Ingredients:

  • 2 lbs mixed mushrooms (cremini, shiitake, oyster, button), sliced
  • 1 medium yellow onion, diced
  • 4 cloves garlic, minced
  • 4 cups vegetable broth (low sodium)
  • 1 cup heavy cream
  • 2 tablespoons olive oil
  • 1 teaspoon dried thyme
  • 1/2 teaspoon salt (or to taste)
  • 1/4 teaspoon black pepper (or to taste)
  • 2 tablespoons unsalted butter
  • 2 tablespoons all-purpose flour
  • 1/4 cup dry sherry or white wine (optional)
  • Fresh parsley, chopped (for garnish)

Instructions:

  1. In a large skillet, heat olive oil over medium heat.
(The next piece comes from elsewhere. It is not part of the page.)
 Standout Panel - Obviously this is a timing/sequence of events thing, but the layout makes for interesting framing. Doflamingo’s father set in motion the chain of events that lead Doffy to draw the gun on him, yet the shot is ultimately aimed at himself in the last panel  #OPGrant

Add onion and sauté until softened, about 5 minutes. Add garlic and cook for another minute until fragrant.
  2. Add mushrooms to the skillet and cook until they release their moisture and begin to brown, about 8-10 minutes. If using sherry or white wine, add to the skillet and scrape up any browned bits from the bottom (deglaze).
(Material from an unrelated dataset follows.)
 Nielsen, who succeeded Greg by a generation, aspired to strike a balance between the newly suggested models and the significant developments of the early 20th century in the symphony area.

  3. Transfer the sautéed vegetables to the slow cooker. Add vegetable broth, thyme, salt, and pepper.
  4. Cover and cook on low for 6-8 hours, or on high for 3-4 hours.
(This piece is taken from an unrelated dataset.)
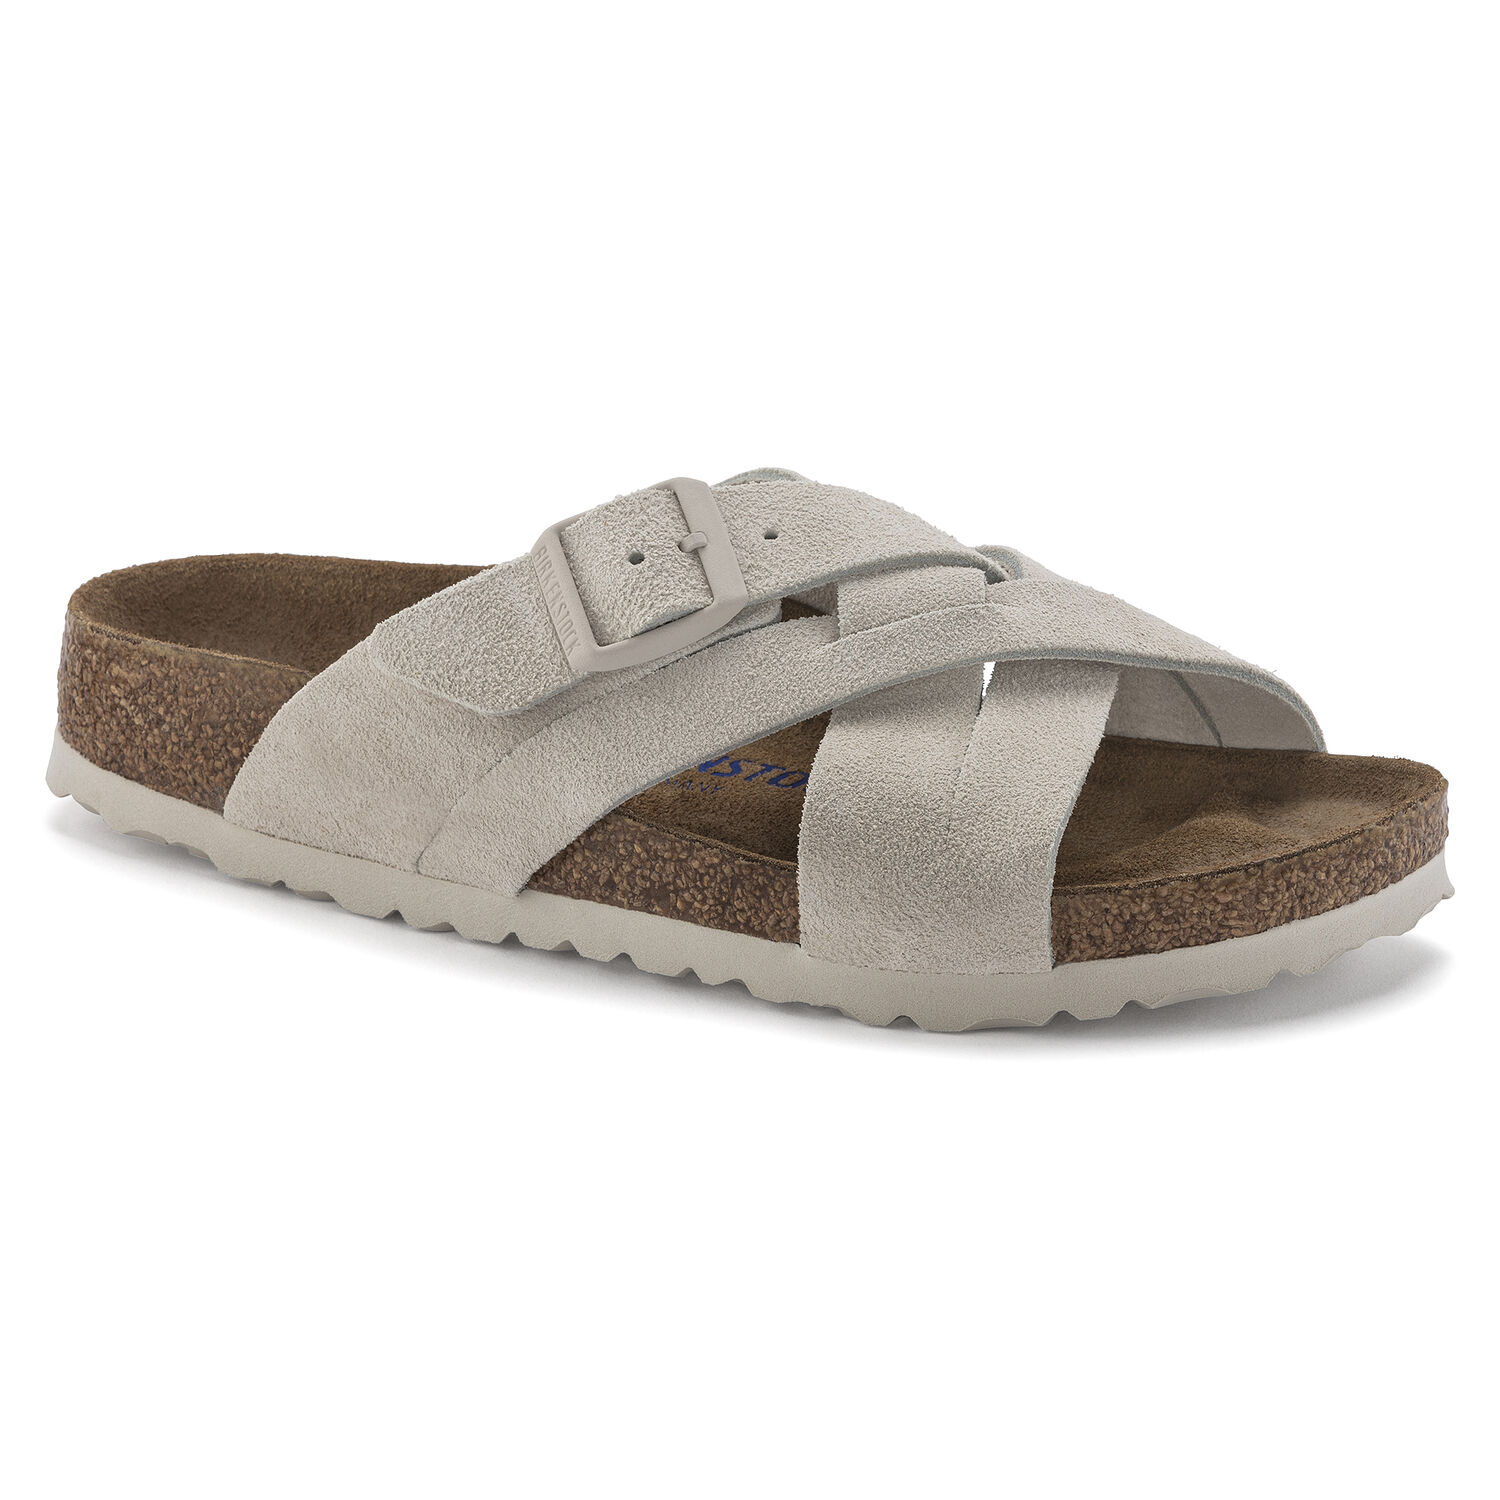 Lugano Soft Footbed Suede Leather Antique White | BIRKENSTOCK

  5. About 30 minutes before serving, melt butter in a small saucepan over medium heat. Whisk in flour and cook for 1-2 minutes, stirring constantly, to form a smooth paste (a roux).
  6. Slowly whisk the roux into the hot soup in the slow cooker.
  7. Stir in heavy cream.
  8. Taste and adjust seasoning with salt and pepper as needed.
  9. Ladle into bowls and garnish with fresh parsley. Enjoy your crockpot mushroom soup!